**Exercise**
Quote exactly the lines from the start of the entries to the one with "slide 3 of 10, Culinary", both ends included.

[Records from a data collection]
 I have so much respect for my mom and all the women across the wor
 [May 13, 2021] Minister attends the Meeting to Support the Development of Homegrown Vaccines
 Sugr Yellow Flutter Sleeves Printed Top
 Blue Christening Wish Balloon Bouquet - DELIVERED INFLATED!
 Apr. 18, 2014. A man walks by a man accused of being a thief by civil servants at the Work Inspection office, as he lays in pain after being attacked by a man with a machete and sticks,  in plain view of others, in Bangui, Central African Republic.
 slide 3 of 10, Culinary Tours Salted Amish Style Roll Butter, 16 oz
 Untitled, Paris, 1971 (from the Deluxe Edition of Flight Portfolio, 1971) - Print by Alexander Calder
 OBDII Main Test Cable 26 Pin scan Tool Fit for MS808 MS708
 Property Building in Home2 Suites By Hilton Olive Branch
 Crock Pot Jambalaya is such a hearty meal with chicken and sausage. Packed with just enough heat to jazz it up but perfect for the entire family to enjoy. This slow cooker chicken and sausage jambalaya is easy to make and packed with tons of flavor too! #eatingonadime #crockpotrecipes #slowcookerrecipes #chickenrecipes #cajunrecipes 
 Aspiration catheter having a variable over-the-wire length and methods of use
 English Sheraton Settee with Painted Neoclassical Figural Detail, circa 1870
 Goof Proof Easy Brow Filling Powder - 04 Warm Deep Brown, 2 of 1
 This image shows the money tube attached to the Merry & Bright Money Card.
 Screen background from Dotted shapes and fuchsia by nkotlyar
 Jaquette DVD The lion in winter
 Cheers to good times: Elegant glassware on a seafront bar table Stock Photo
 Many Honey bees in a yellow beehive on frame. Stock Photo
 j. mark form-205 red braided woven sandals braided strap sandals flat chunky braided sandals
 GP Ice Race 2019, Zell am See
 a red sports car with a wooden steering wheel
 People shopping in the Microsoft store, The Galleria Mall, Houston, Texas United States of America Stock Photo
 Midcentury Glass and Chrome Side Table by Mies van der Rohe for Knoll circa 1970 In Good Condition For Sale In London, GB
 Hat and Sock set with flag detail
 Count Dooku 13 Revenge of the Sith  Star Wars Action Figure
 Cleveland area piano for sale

**Reply to the exercise**
 I have so much respect for my mom and all the women across the wor
 [May 13, 2021] Minister attends the Meeting to Support the Development of Homegrown Vaccines
 Sugr Yellow Flutter Sleeves Printed Top
 Blue Christening Wish Balloon Bouquet - DELIVERED INFLATED!
 Apr. 18, 2014. A man walks by a man accused of being a thief by civil servants at the Work Inspection office, as he lays in pain after being attacked by a man with a machete and sticks,  in plain view of others, in Bangui, Central African Republic.
 slide 3 of 10, Culinary Tours Salted Amish Style Roll Butter, 16 oz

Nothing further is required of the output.